With some good will, indeed, but as an add-on.  It can be included, ethically evaluating the ultimate purpose of the strategy or resolving ethical dilemmas that its implementation presents.  But it can also easily be omitted, perhaps leaving ethics to the business ethics course alone, saving the discussion about strategy from scrutiny.

Ricardo Currás (Dia) at IESE
Ricardo Currás (DIA)

Fortunately, today there are plenty of leaders who understand strategy’s role within a broader contextRicardo Currás, Executive Director of DIA, a Spanish company that began as a family-run shop and today is a multinational with 44,000 employees, is one of them.  In his November 15 visit to IESE he declared that he “didn’t believe in strategy” and that, “strategy is a word that has become a bit stale because it confines you to a straitjacket. Today you can’t predict the impact you will have on your company’s future. I do, however, believe in direction, in the path that may be the best to take. In addition to sketching strategic plans, we need to continually remind ourselves where we are and where we are going.”

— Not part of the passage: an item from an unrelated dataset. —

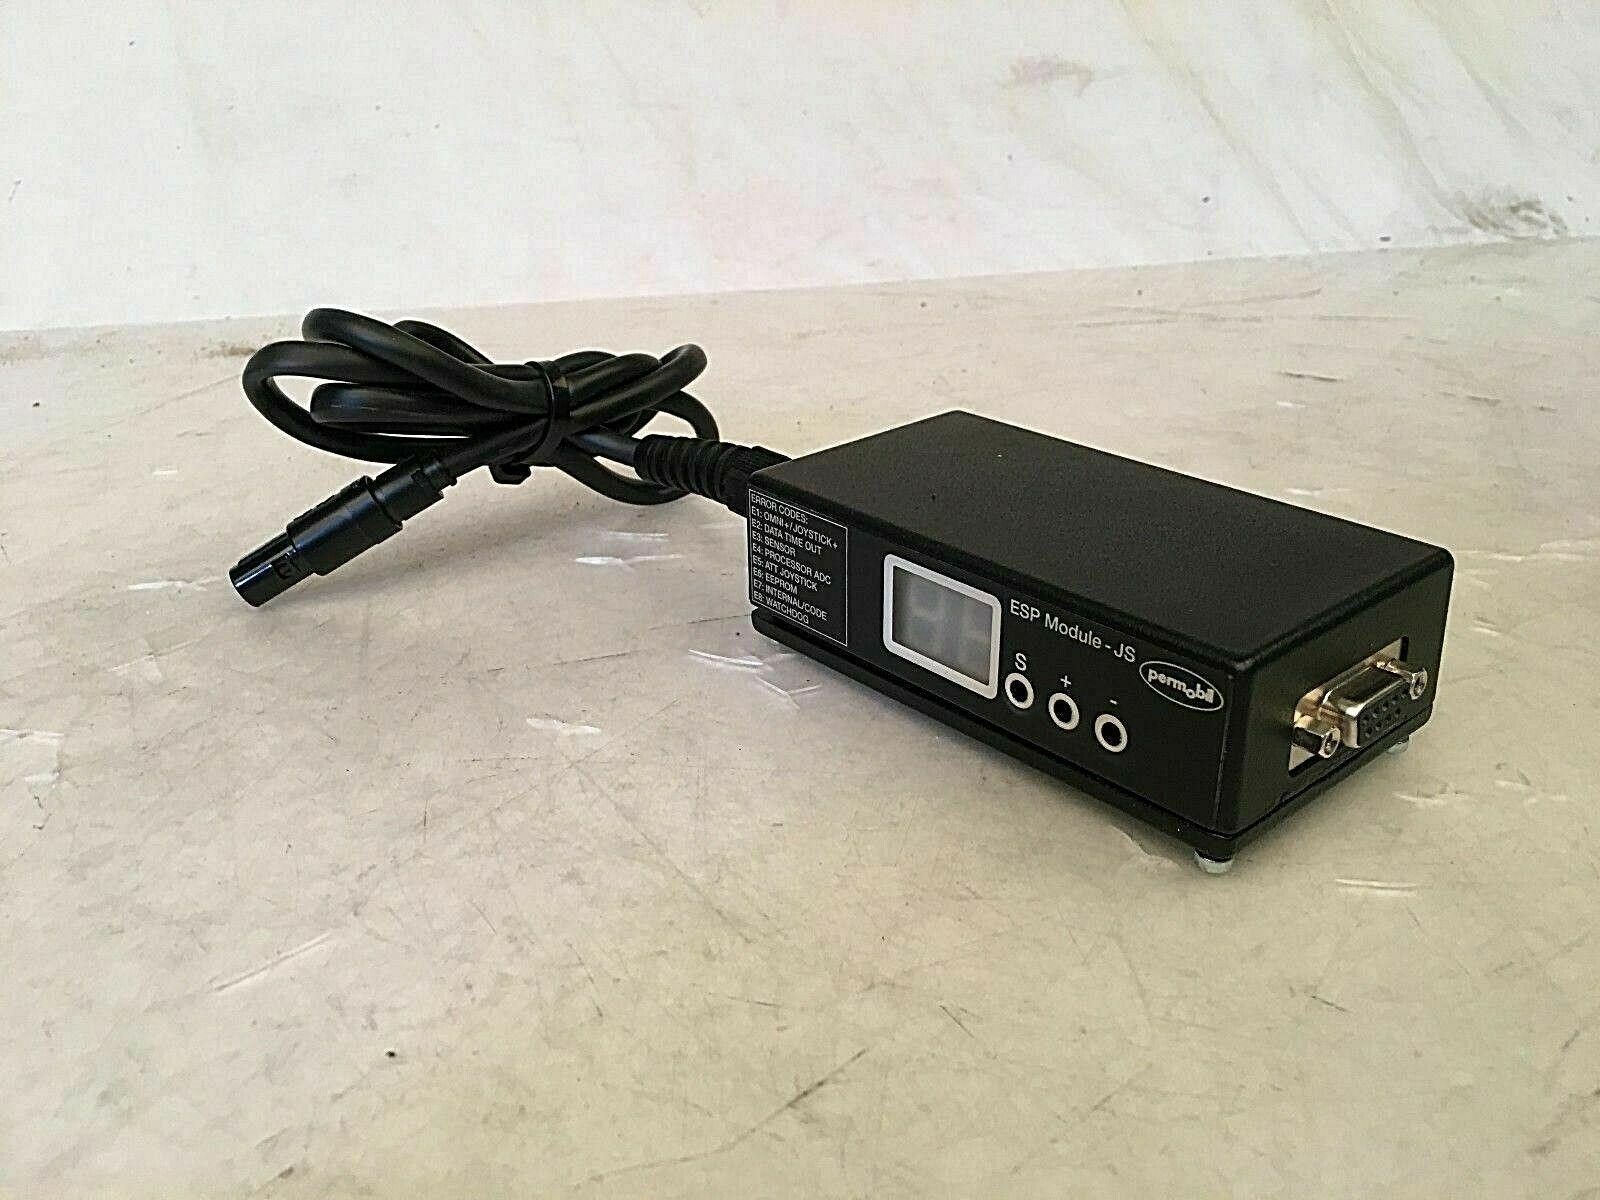 Permobil C500 -  ESP Module-JS - Error Code Reader - For Power Wheelchairs

Another great executive, Bill George, CEO of the successful high-tech medical company Medtronic based in Minnesota, defined his company as “a mission-driven company, a values-centered organization and an adaptable business strategy.”

This, I believe, should once again become the general management perspective.  Certainly we should not forget strategy.  Instead, we should emphasize a well thought-out mission centered on enduring values that can solidify over time .  Strategy should support this endeavor, not hold general management back.